Let’s work through this. If our update rule is $q(\theta) \propto p(\theta)p(D\mid\theta)^{-\lambda_2}$, then:

Sequential updating:

After $D_1$: $q_1(\theta) \propto p(\theta)p(D_1\mid\theta)^{-\lambda_2}$
After $D_2$: $q_{final}(\theta) \propto q_1(\theta)p(D_2\mid\theta)^{-\lambda_2} \propto p(\theta)p(D_1\mid\theta)^{-\lambda_2}p(D_2\mid\theta)^{-\lambda_2}$

Joint updating:

After both: $q_{final}(\theta) \propto p(\theta)p(D_1, D_2\mid\theta)^{-\lambda_2}$

For these to be equal, we need: $p(D_1\mid\theta)^{-\lambda_2}p(D_2\mid\theta)^{-\lambda_2} = p(D_1, D_2\mid\theta)^{-\lambda_2}$

If the data observations are conditionally independent given $\theta$ (a standard assumption), then $p(D_1, D_2\mid\theta) = p(D_1\mid\theta)p(D_2\mid\theta)$. Substituting:

\[p(D_1\mid\theta)^{-\lambda_2}p(D_2\mid\theta)^{-\lambda_2} = [p(D_1\mid\theta)p(D_2\mid\theta)]^{-\lambda_2}\]

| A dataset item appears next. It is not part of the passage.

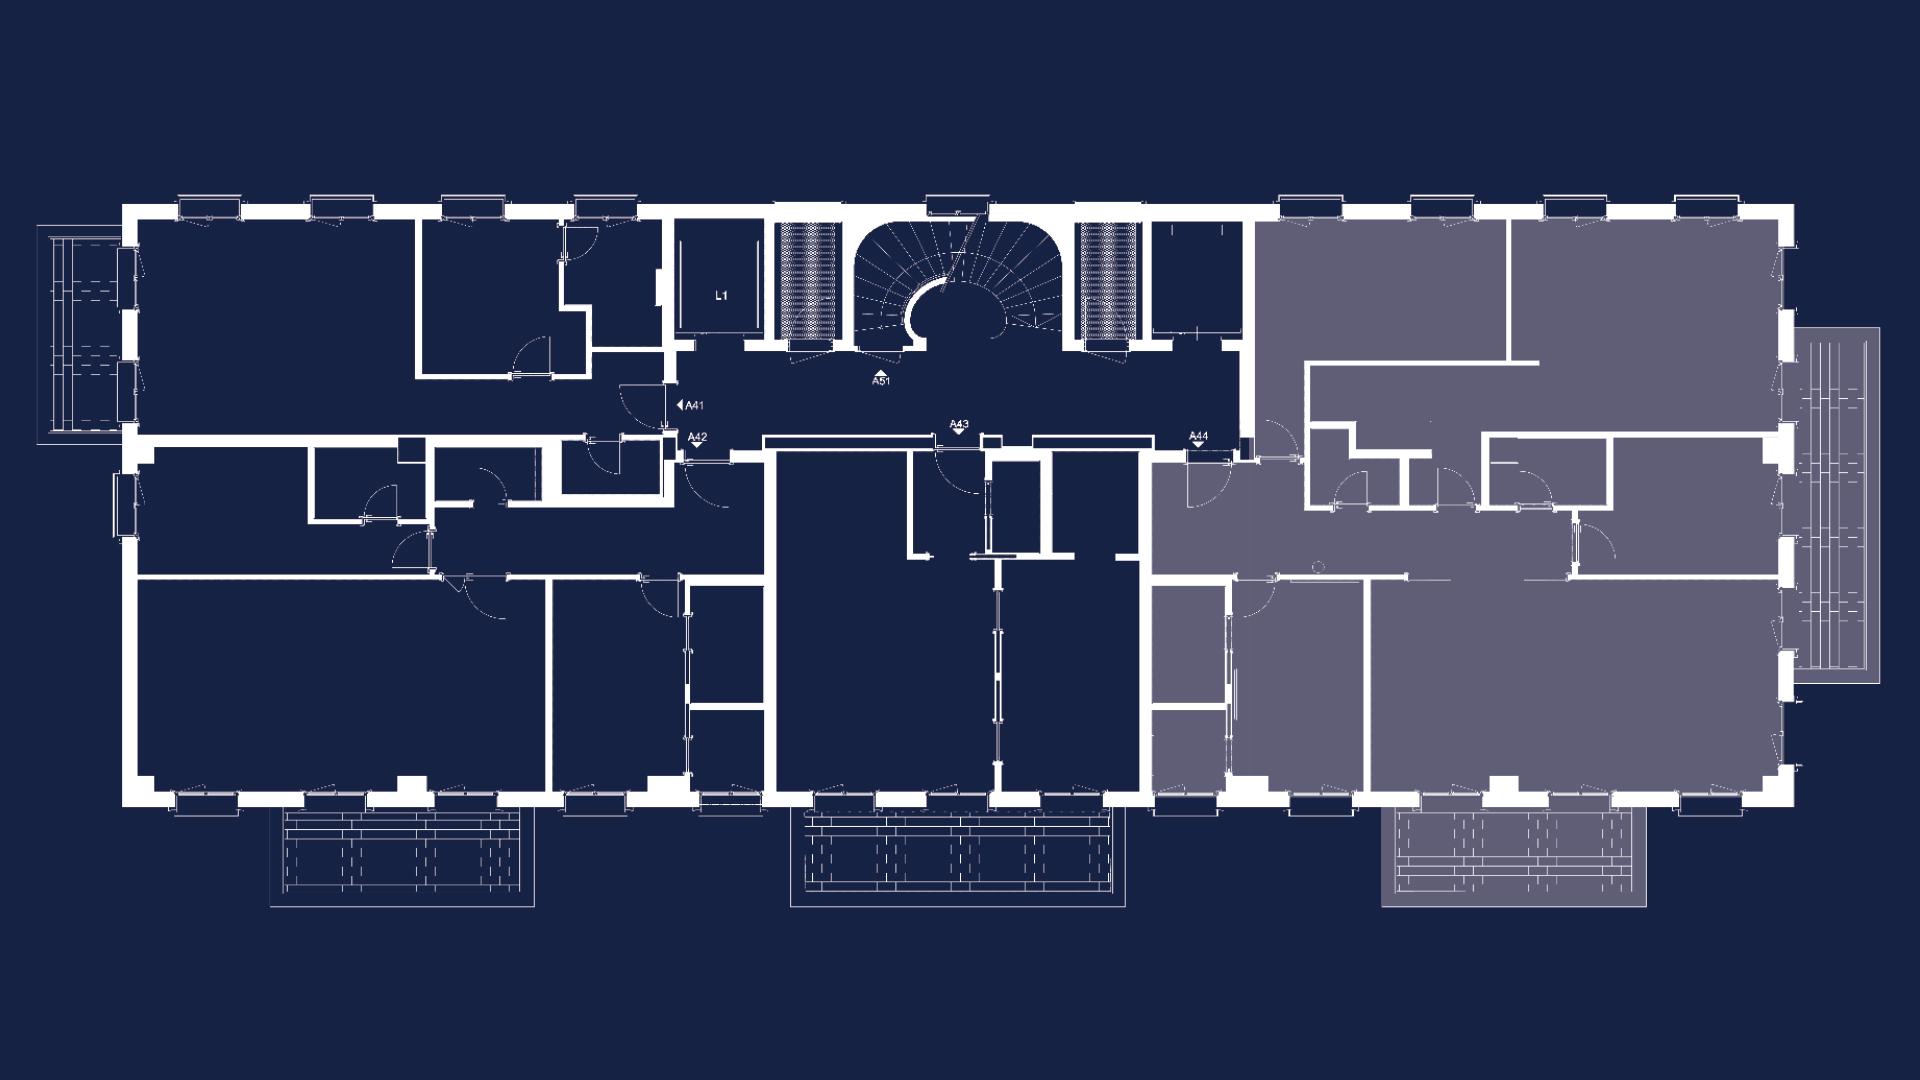 https://generalinvest.me/upl/2020/08/A44_mapa.jpg

This equality holds for all possible data and parameters only when $\lambda_2 = -1$.

Therefore, coherence uniquely determines that $\lambda_2 = -1$, giving us Bayes’ rule:

\[q(\theta) = \frac{p(D\mid\theta)p(\theta)}{p(D)}\]

Afterthought: Deviating from Optimality for Better Results

So if Bayes’ rule ($\lambda_2 = -1$) is optimal, why would we ever choose anything else? In modern machine learning, we sometimes do, trading theoretical optimality for pragmatic goals.

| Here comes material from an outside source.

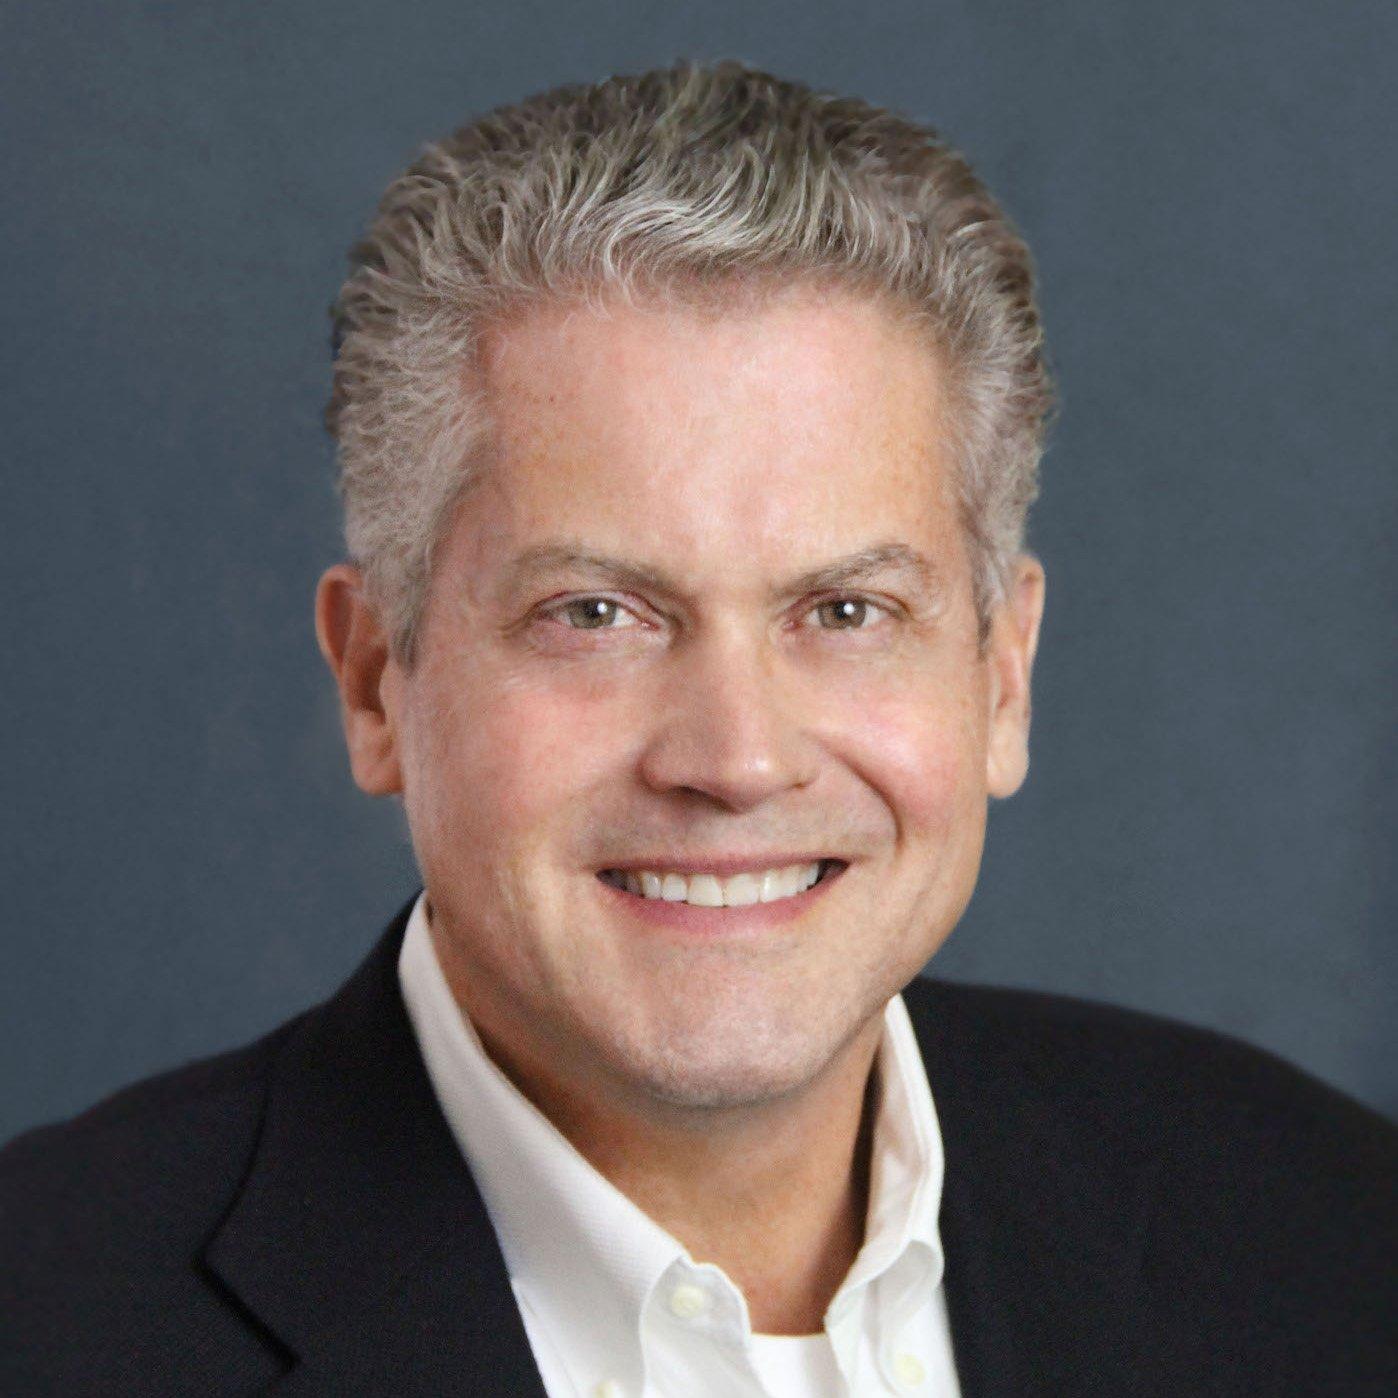 Michael Rareshide

Let’s define a guidance scale $\gamma = -\lambda_2$. The standard Bayesian update corresponds to $\gamma=1$.

The Case for Stronger Guidance ($\gamma > 1$)

In large-scale generative models like Stable Diffusion or Imagen, the goal is to generate an output (an image) given a condition (a text prompt). The model must balance its prior knowledge of what “natural images” look like with the likelihood that an image matches the prompt.

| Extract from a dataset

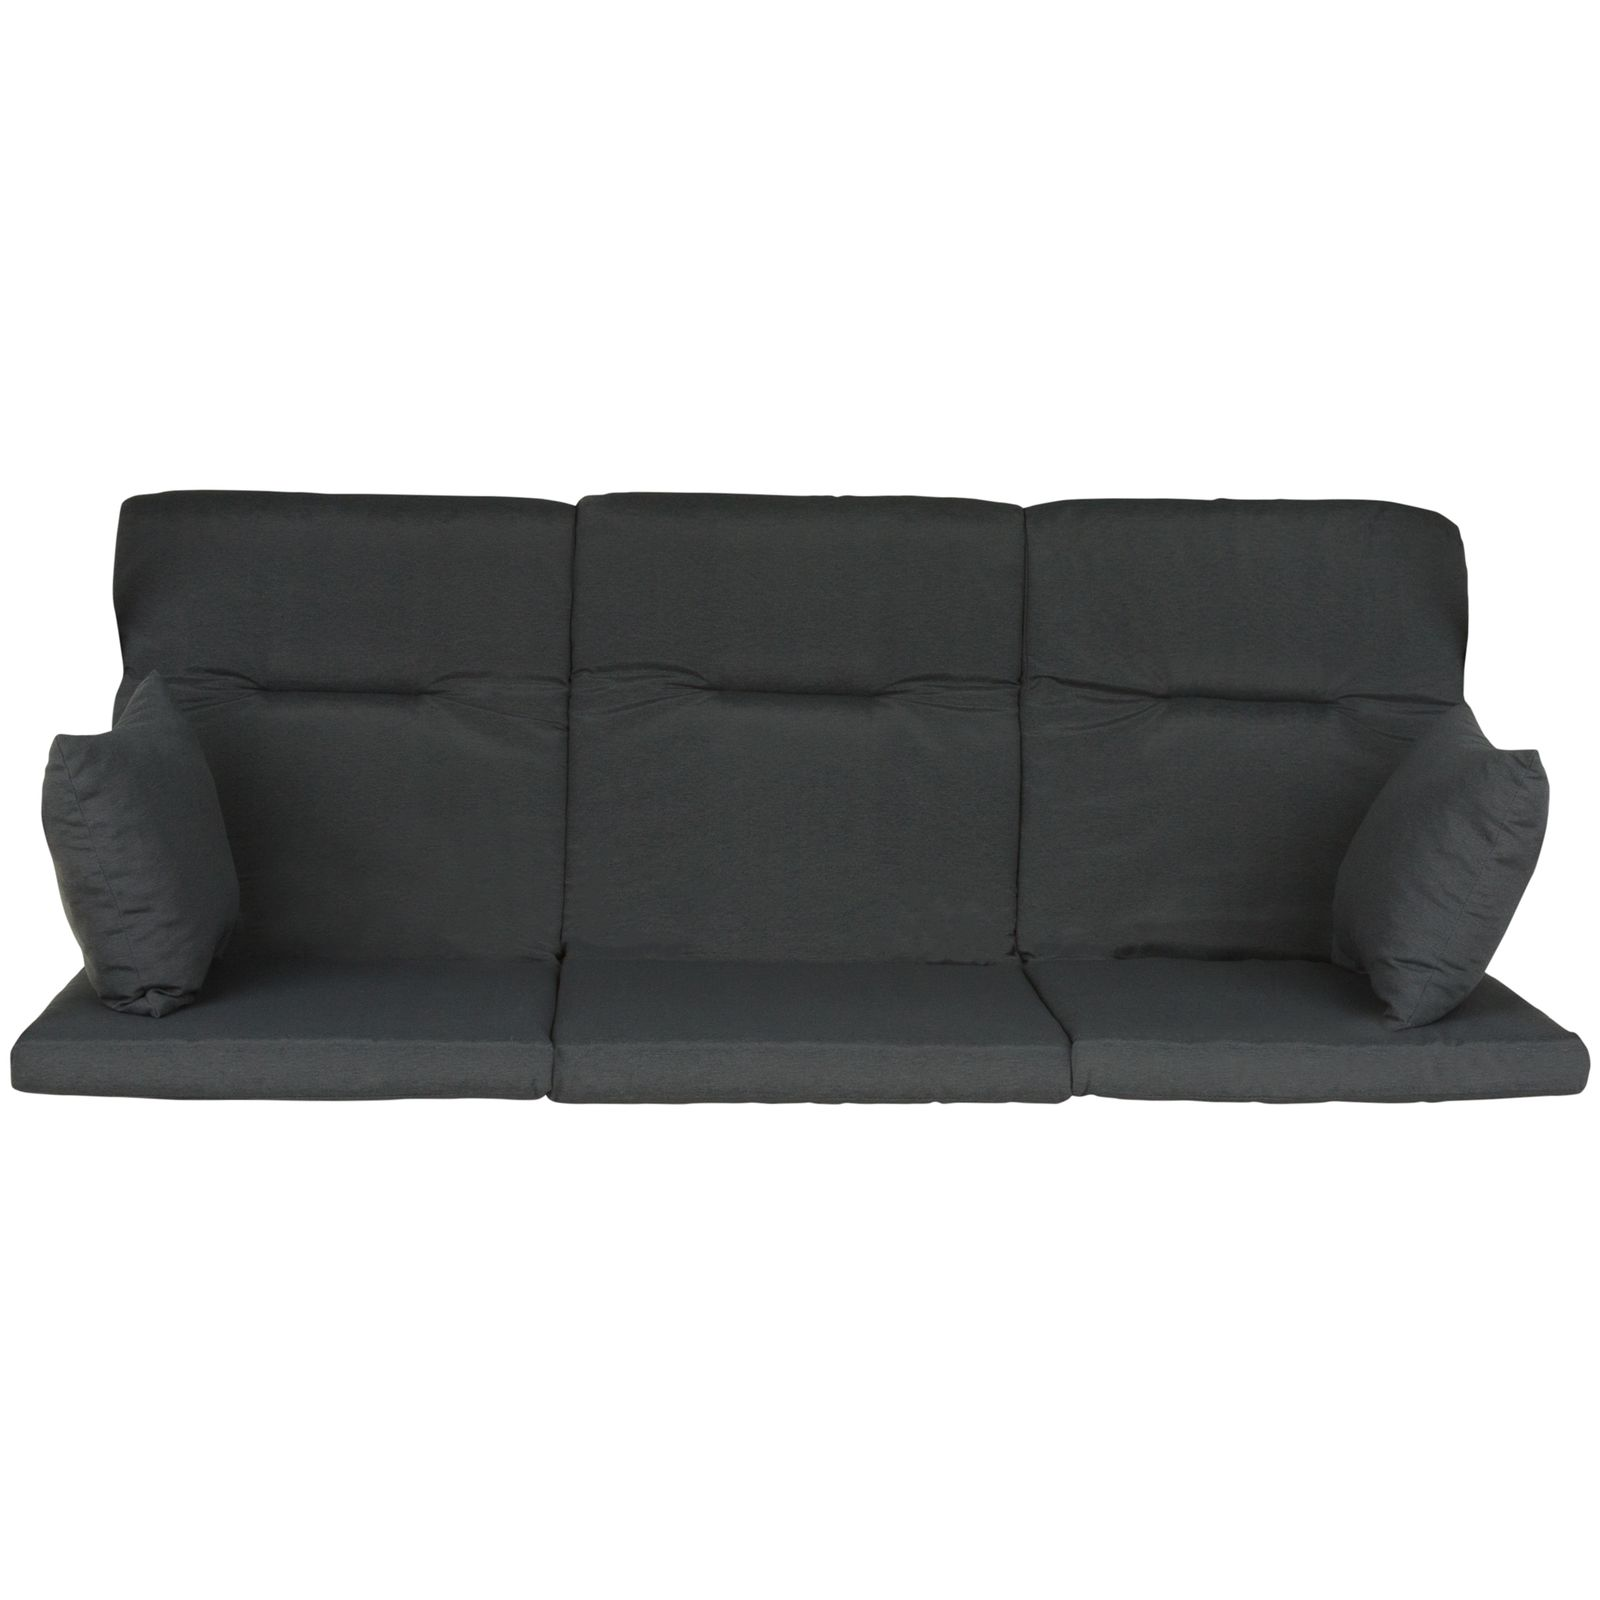 Profilowane poduszki na huśtawkę 180 cm Rimini / Venezia (Bresso) D002-06LB PATIO

Researchers found that using the “optimal” $\gamma=1$ often produced images that were plausible but uninspired or didn’t match the prompt very well. By choosing $\gamma > 1$ (e.g., $\gamma=7.5$), they force the model to pay much more attention to the prompt. This “sharpens” the posterior, leading to images that are a much better fit for the text, even if it means sacrificing some of the diversity from the prior. This technique is known as classifier-free guidance.¹²

The Case for Weaker Guidance ($0 < \gamma < 1$)

What about the other direction? When would we want to trust the data less?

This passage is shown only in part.